Repeat the data below in full. Pictures must not be part of the copy.

## Dataset section
--- START ---

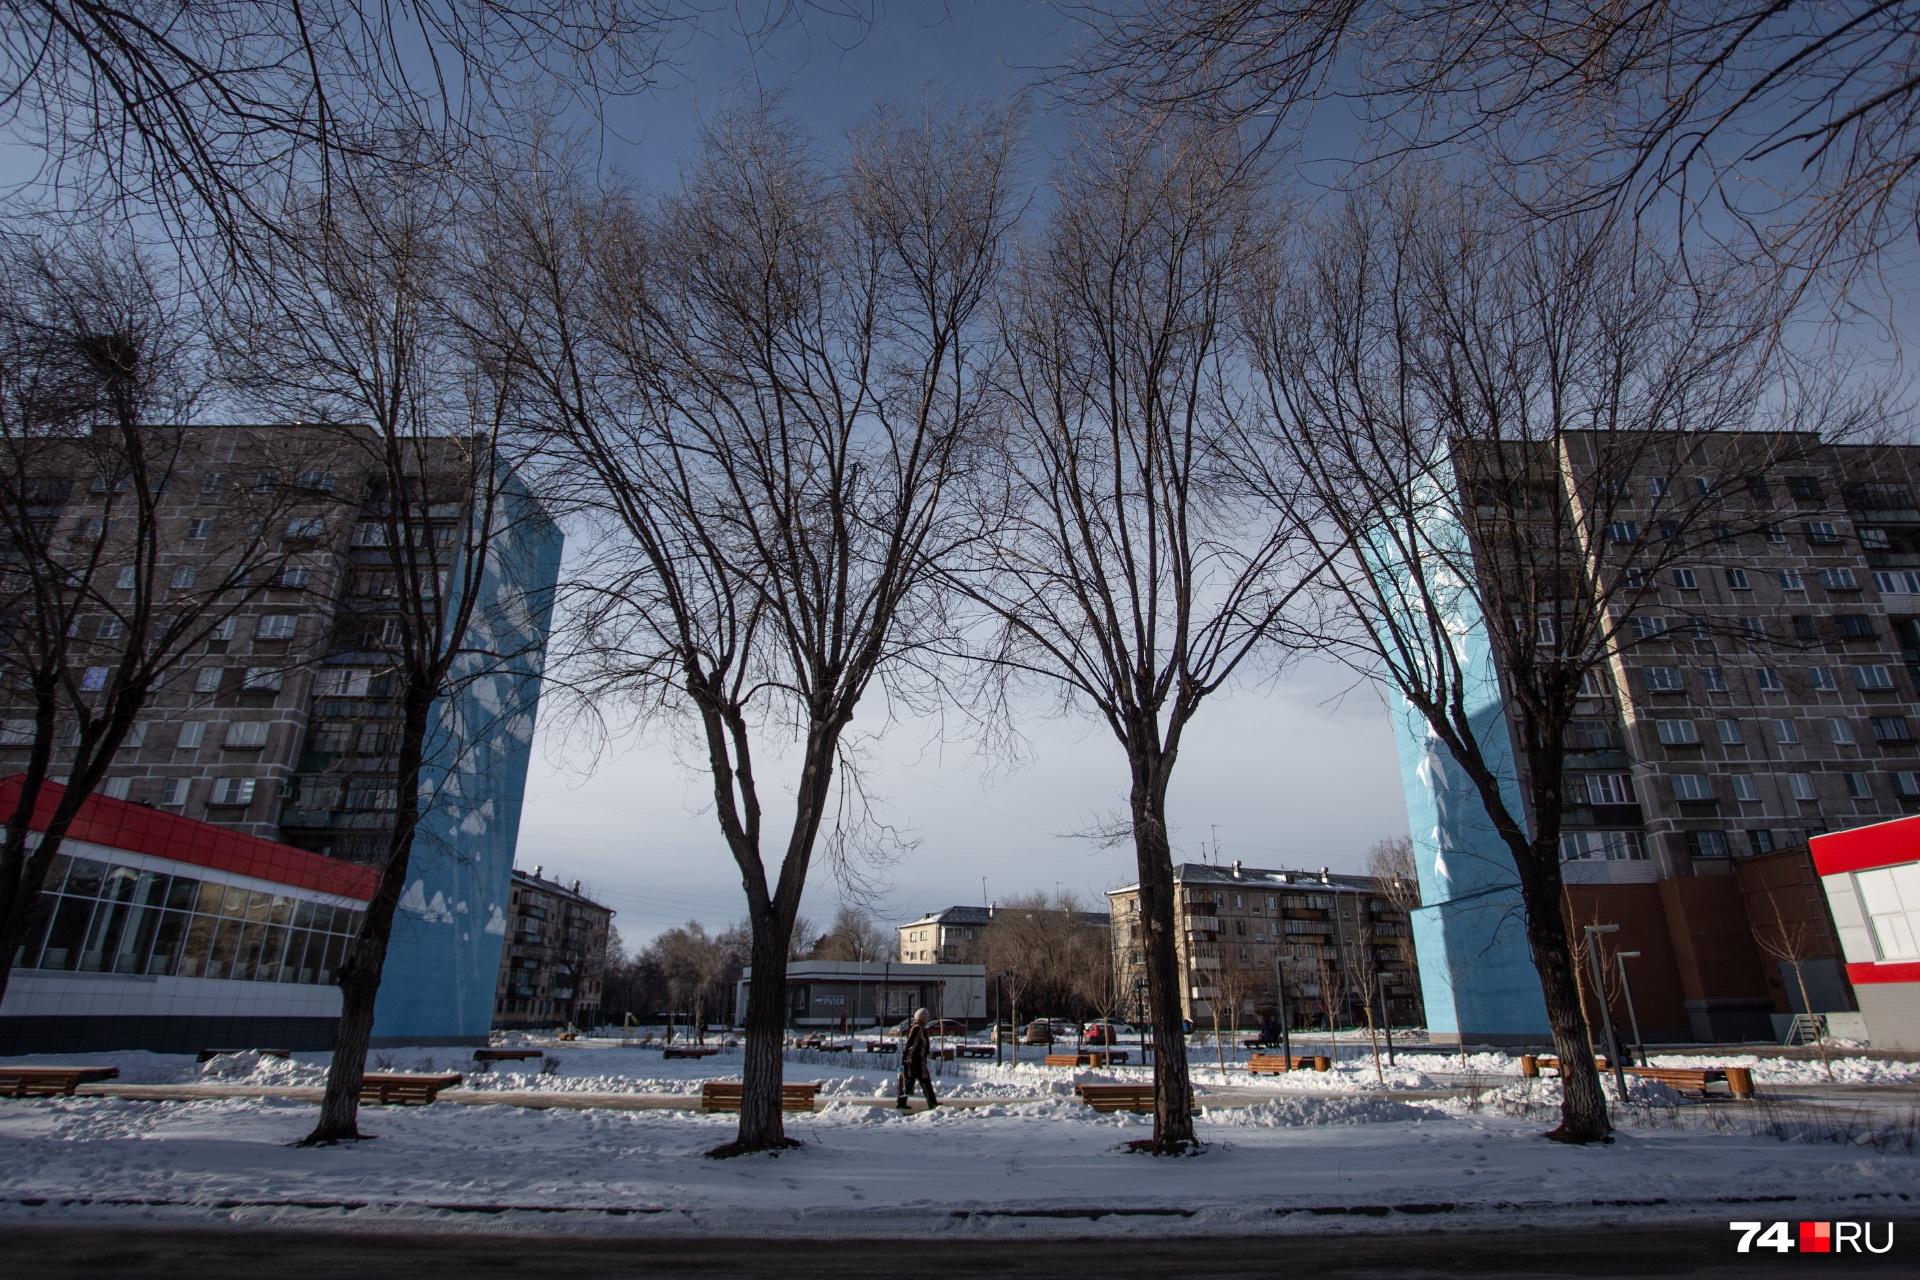 Так сейчас выглядит обрушившийся дом. О трагедии напоминают только памятные граффити на стене взорвавшейся многоэтажки — 39 птиц из оригами
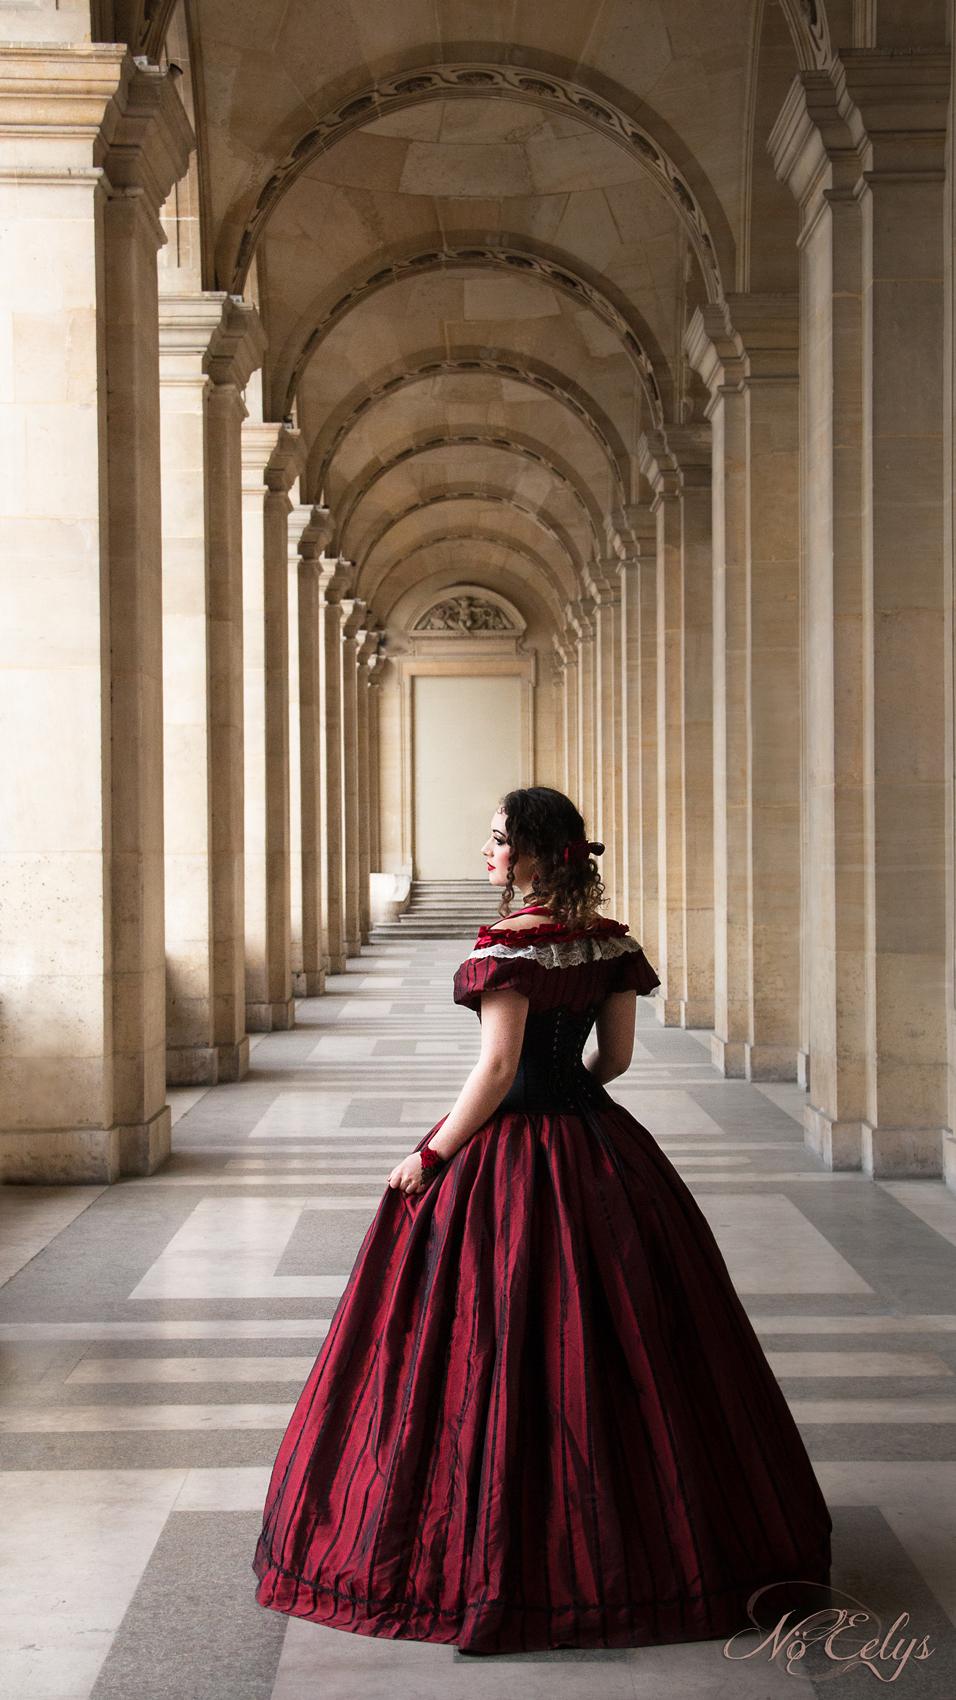 Portrait gothique victorien princesse au Louvre, Elyra Modèle, Nö Eelys Photo, Coiffure par Findelë's Secrets et maquillage par Le Boudoir de Nö
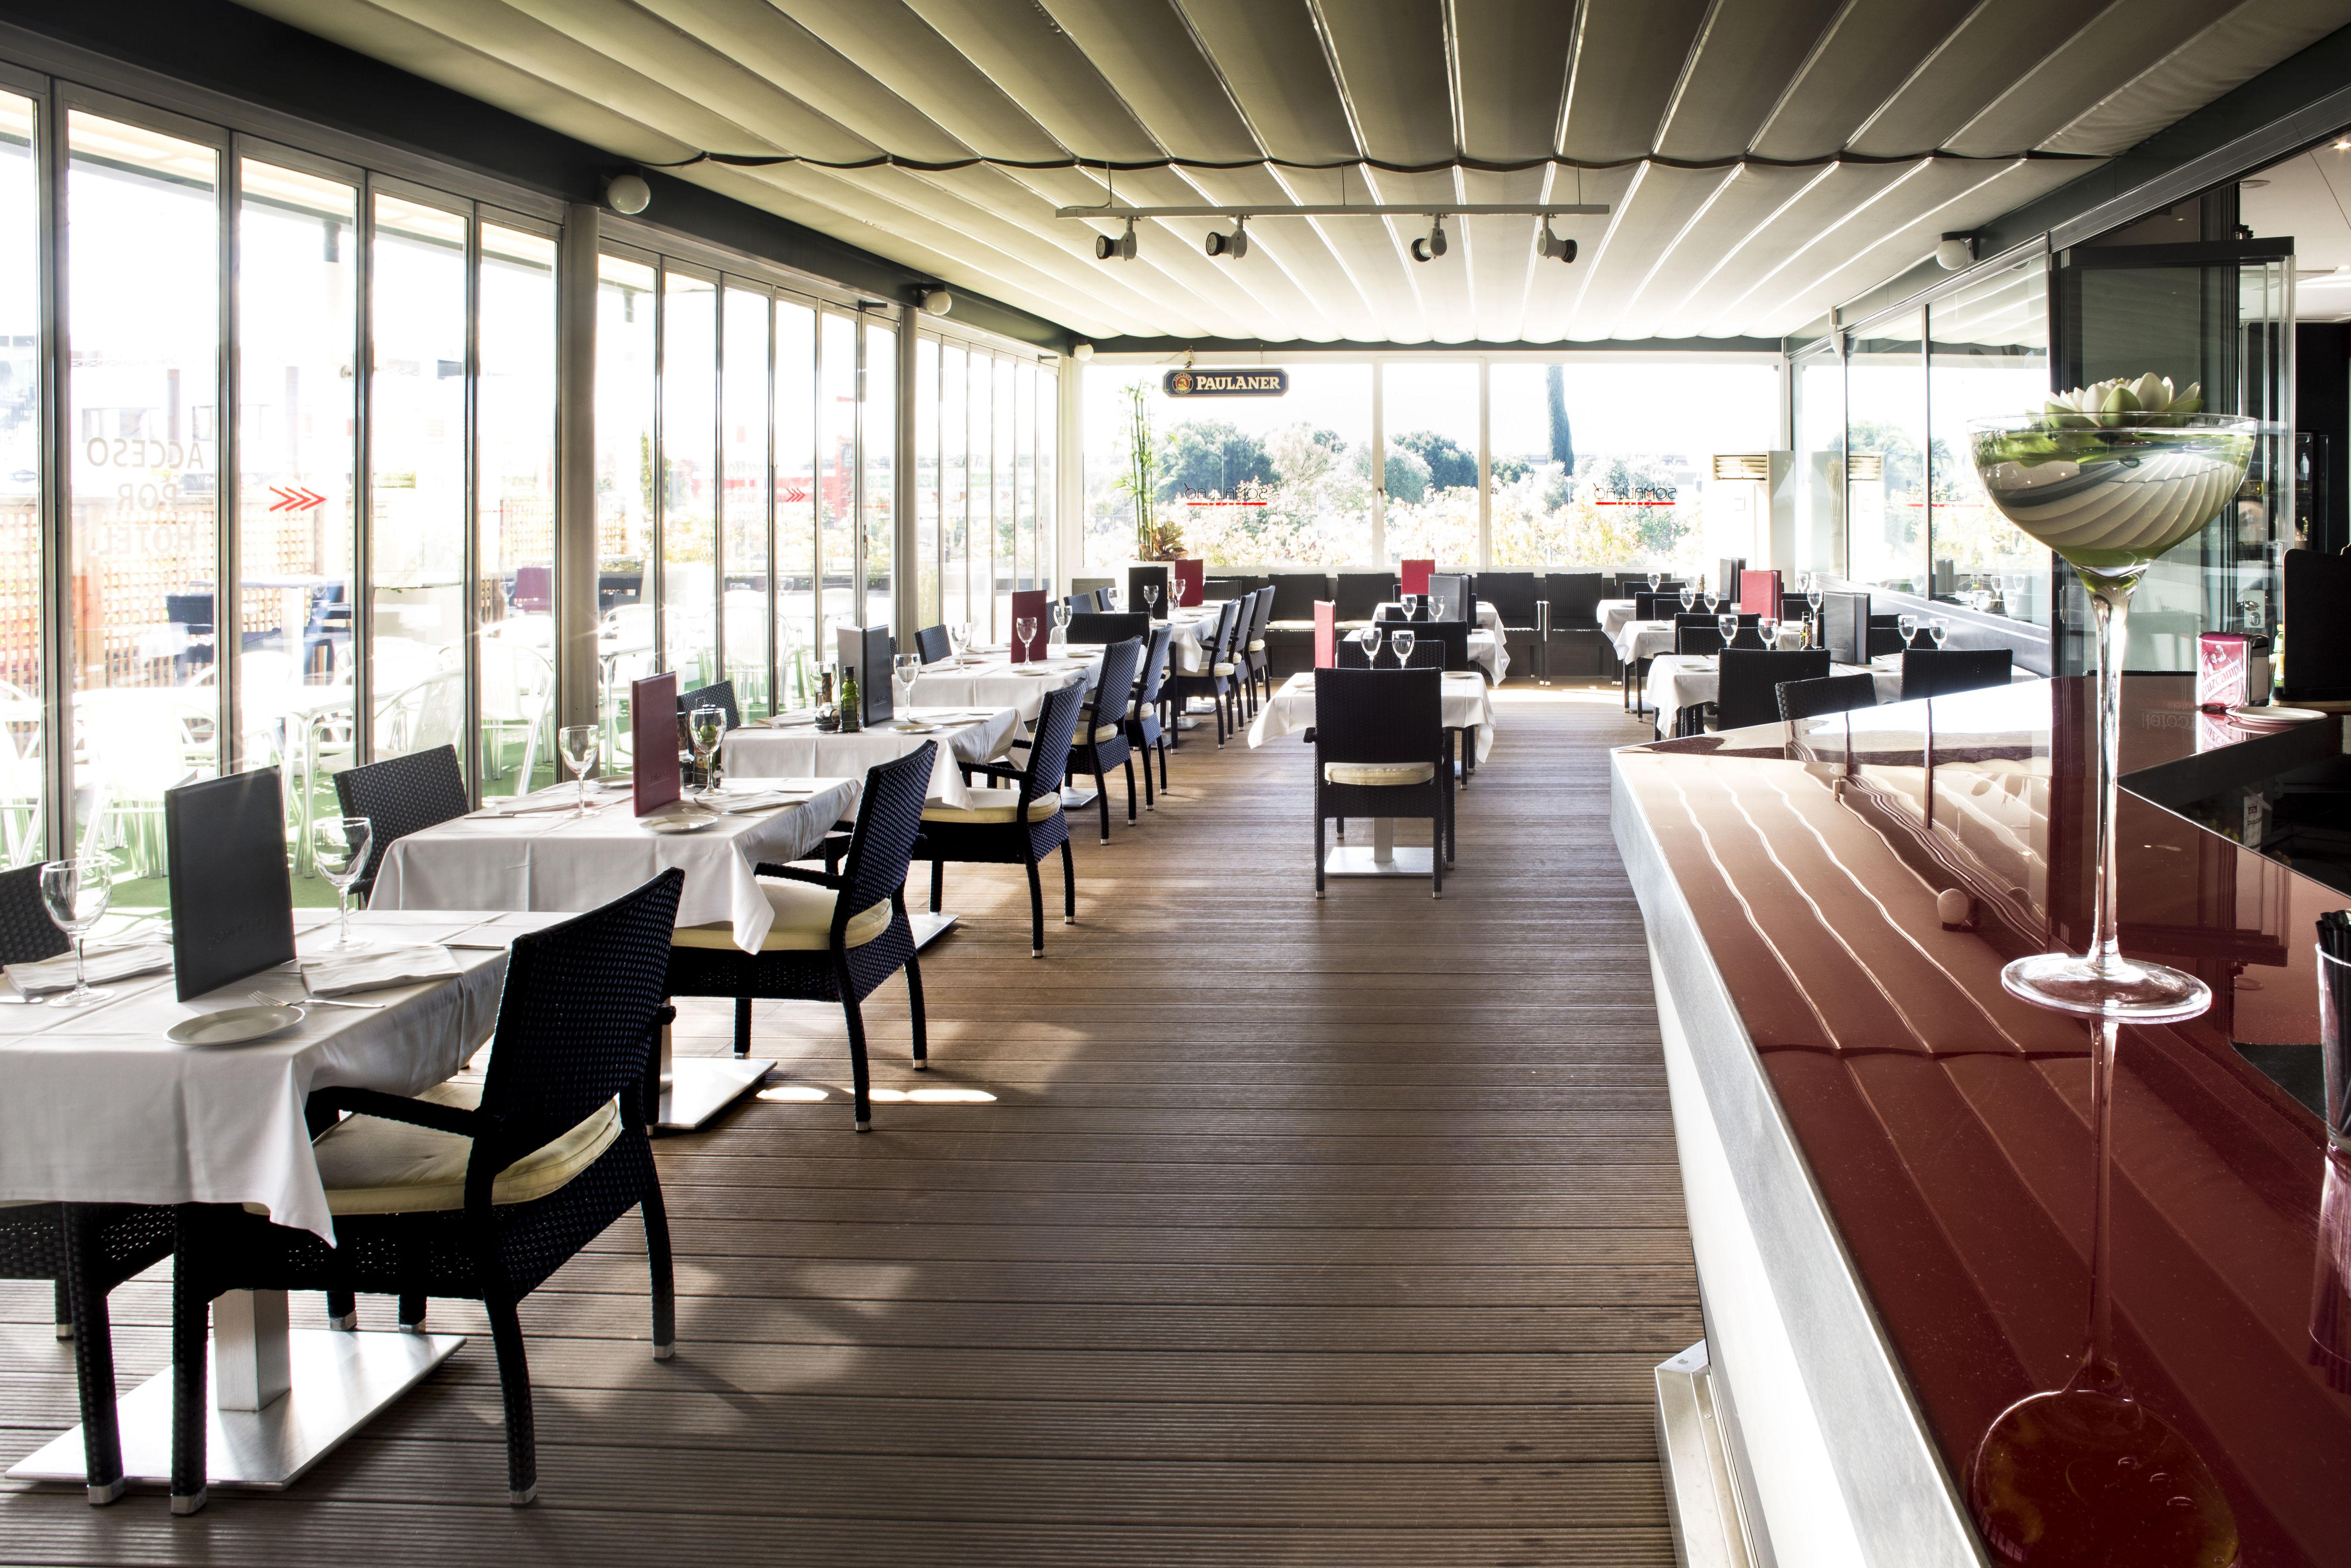 Foto 10 de Restaurantes en Rivas Vaciamadrid | Restaurante Somallao Sercotel Rivas
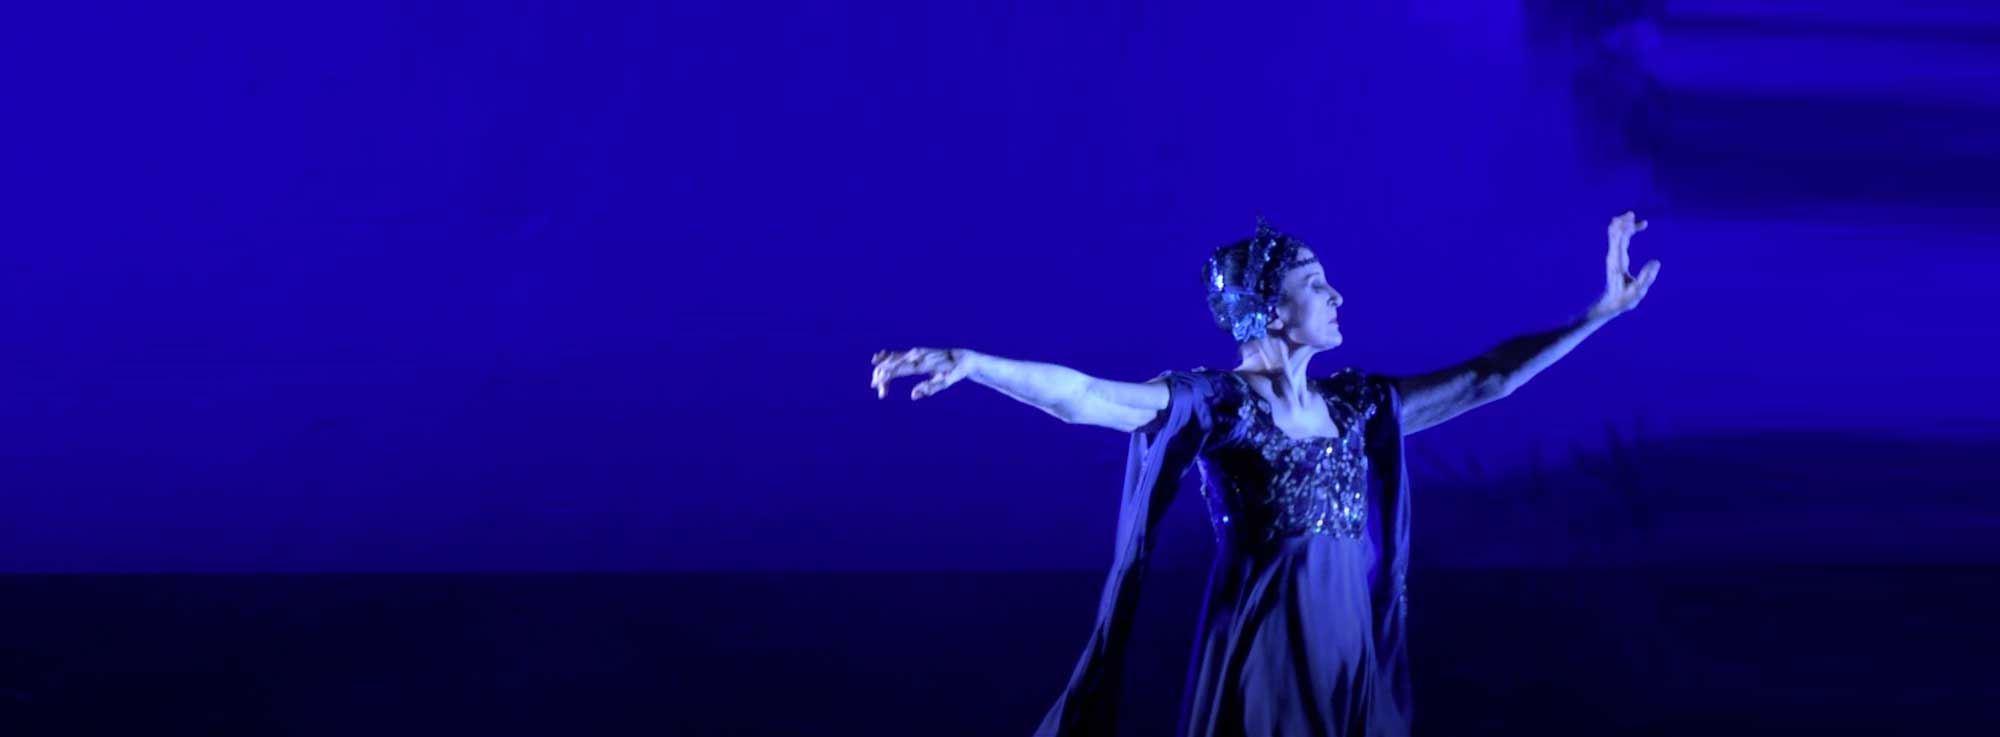 Foggia: Balletto di Carla Fracci

--- END ---

## The answer
 Так сейчас выглядит обрушившийся дом. О трагедии напоминают только памятные граффити на стене взорвавшейся многоэтажки — 39 птиц из оригами
 Portrait gothique victorien princesse au Louvre, Elyra Modèle, Nö Eelys Photo, Coiffure par Findelë's Secrets et maquillage par Le Boudoir de Nö
 Foto 10 de Restaurantes en Rivas Vaciamadrid | Restaurante Somallao Sercotel Rivas
 Foggia: Balletto di Carla Fracci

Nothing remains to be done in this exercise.